Сестра Керри
Шрифт:
Керри слушала его, и мало-помалу все ее дурные предчувствия рассеивались как дым. Друэ сказал, между прочим, что сперва немного ознакомит ее с городом, а потом поможет найти работу. Он и сам верил в то, что говорил. Скоро он отправится в деловую поездку, а она останется и будет работать.
— Вы вот что сделайте, — сказал он. — Сходите к сестре, возьмите там, что вам нужно, а потом уходите.

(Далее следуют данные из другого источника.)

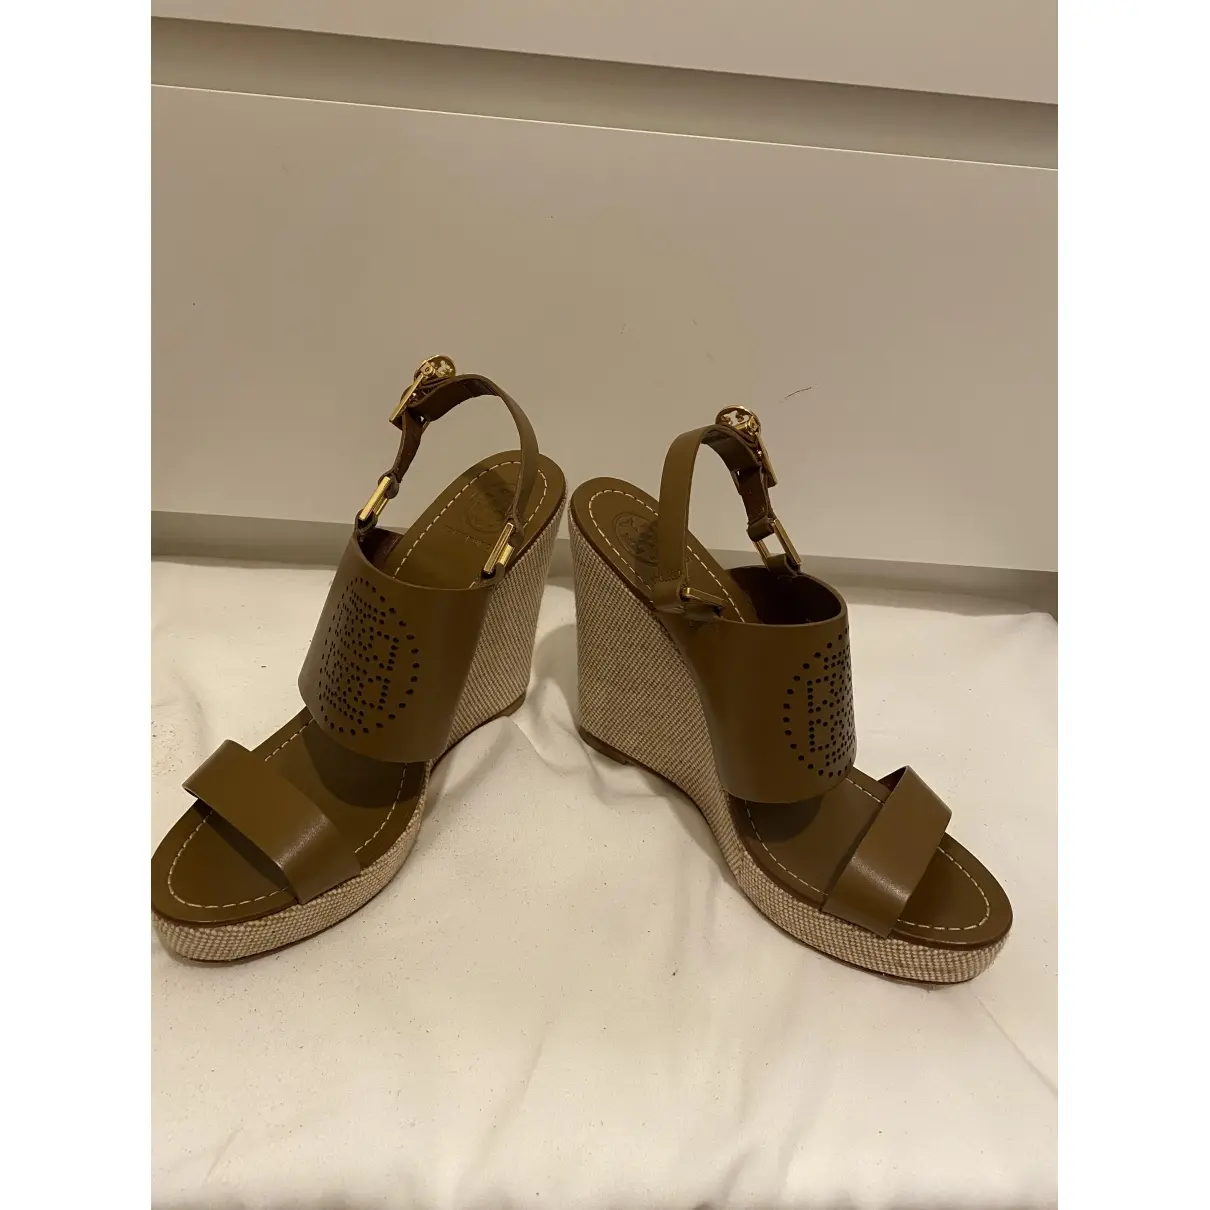 Tory Burch Leather sandal for sale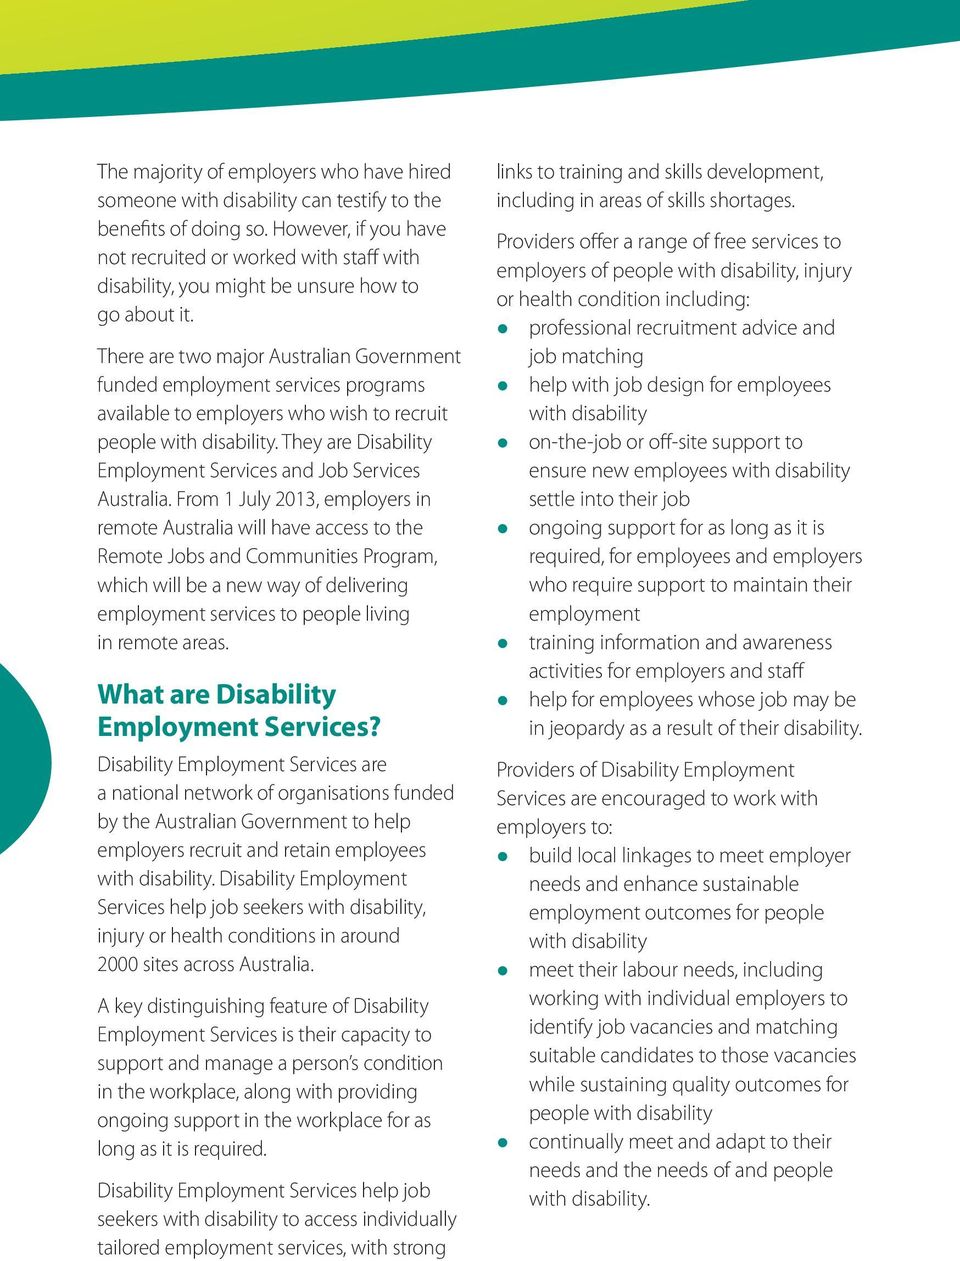 There are two major Australian Government funded employment services programs available to employers who wish to recruit people. They are Disability Employment Services and Job Services Australia.

Керри долго обдумывала его слова. Наконец она согласилась. Они условились, что вечером, в половине девятого, Друэ будет ждать ее на углу Пеория-стрит.
В половине шестого Керри вернулась домой, а к шести часам принятое ею решение окончательно окрепло.
— Значит, не получила? — спросила Минни.
Она подразумевала место, которое, по словам Керри, ей
— Нет, — ответила Керри, искоса взглянув на сестру.
— Пожалуй, лучше тебе до весны больше и не искать, — сказала та.
Керри ничего не ответила.
Когда Гансон вернулся домой, на лице его было обычное непроницаемое выражение. Он молча умылся и сел читать газету. За обедом Керри слегка нервничала. То, что она задумала, было слишком значительно, а ощущение, что она здесь нежеланная гостья, стало еще острее.
— Ничего не нашла? — спросил Гансон.
— Нет.
Он снова принялся за еду, размышляя о том, какой неприятной обузой оказалась свояченица. Надо ей ехать домой, вот и все! А если уедет, так пусть и не воображает, что вернется весною.
Керри очень страшило то, что ей предстояло совершить, но ее утешала мысль, что тягостное положение подходит к концу. Им ведь все равно. Особенно Гансон будет рад ее уходу. Он не станет тревожиться за ее судьбу.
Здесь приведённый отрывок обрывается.